US 12,153,887 B2
	Deep learning-based method for filtering out similar text, and apparatus using same
Se Yeob Kim, Seoul (KR)
Assigned to SELECT STAR, INC., Daejeon (KR)
Appl. No. 17/771,221
Filed by SELECT STAR, INC., Daejeon (KR)
PCT Filed Oct. 20, 2020, PCT No. PCT/KR2020/014337 § 371(c)(1), (2) Date Apr. 22, 2022, PCT Pub. No. WO2021/118040, PCT Pub. Date Jun. 17, 2021.
Claims priority of application No. 10-2019-0164009 (KR), filed on Dec. 10, 2019.
Prior Publication US 2022/0374601 A1, Nov. 24, 2022
This patent is subject to a terminal disclaimer.
Int. Cl. G06F 40/289 (2020.01); G06F 16/35 (2019.01); G06F 40/216 (2020.01); G06F 40/30 (2020.01); G06N 20/00 (2019.01)
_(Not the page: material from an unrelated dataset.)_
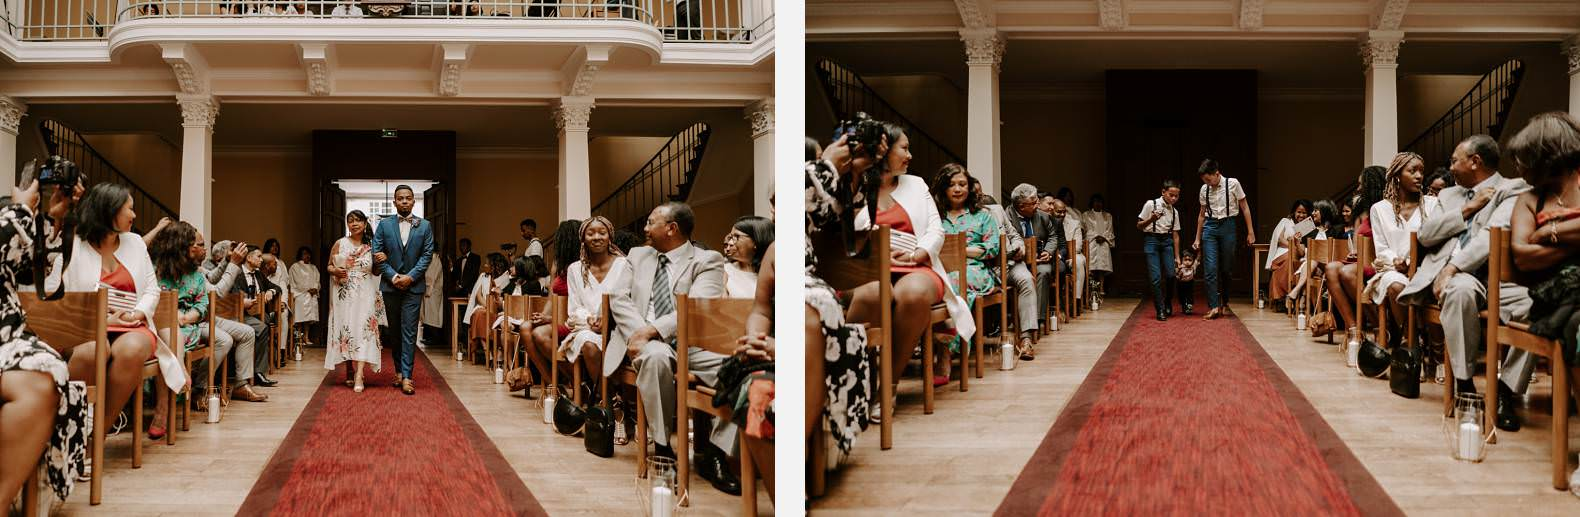 mariage manoir de corny photographe bel esprit 0018 1
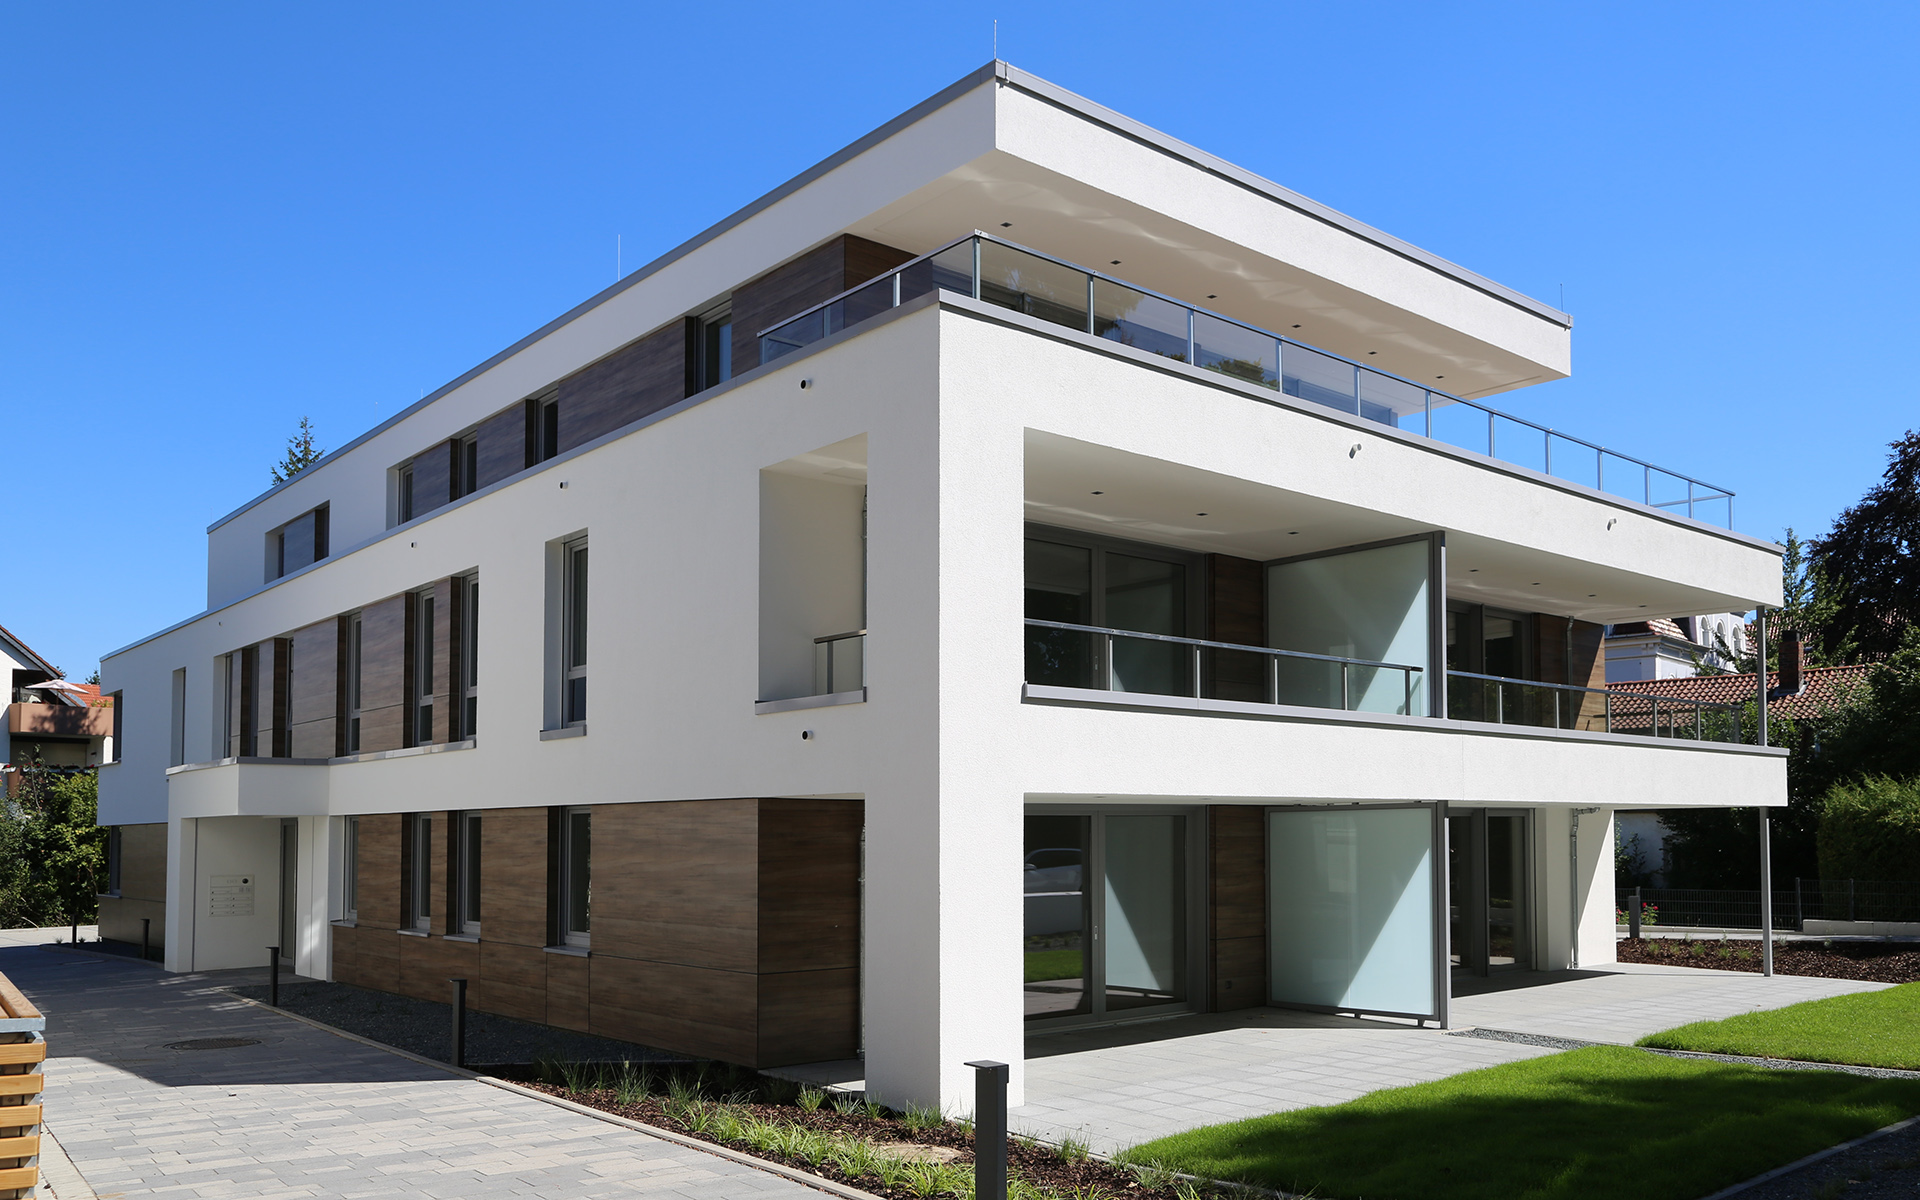 bwv grosse venedig jung architekturb ro innenarchitekturb ro hildesheim. Black Bedroom Furniture Sets. Home Design Ideas

CPC G06F 40/289 (2020.01) [G06F 16/355 (2019.01); G06F 40/216 (2020.01); G06F 40/30 (2020.01); G06N 20/00 (2019.01)]

7 Claims

1. A method for collecting filtered text data, the method comprising:

(a) acquiring, by a computing apparatus, first text data, and recording the first text data in a text data pool;

(b) acquiring, by the computing apparatus, second text data;

(c) performing, by the computing apparatus, an operation in a deep learning model by using the first text data and the second text data as input values, and calculating a first feature vector corresponding to the first text data and a second feature vector corresponding to the second text data; and

(d) comparing, by the computing apparatus, a degree of similarity between the first feature vector and the second feature vector, and recording the second text data in the text data pool when the degree of similarity is less than a predetermined value,

wherein, when a plurality of pieces of the first text data are recorded in the text data pool and the pieces of the first text data include first-first text data and first-second text data, the computing apparatus is configured to:

calculate a first-first feature vector corresponding to the first-first text data and a first-second feature vector corresponding to the first-second text data through an operation in the deep learning model;

calculate a first degree of similarity between the first-first feature vector and the second feature vector, and a second degree of similarity between the first-second feature vector and the second feature vector;

sort the first-first text data and the first-second text data based on a plurality of similarity degrees;

transmit specific text data among the sorted text data, the specific text data having a degree of similarity that is greater than or equal to the predetermined value, and the second text data to a user terminal to compare the specific text data with the second text data; and

receive, from the user terminal, whether to record the second text data in the text data pool.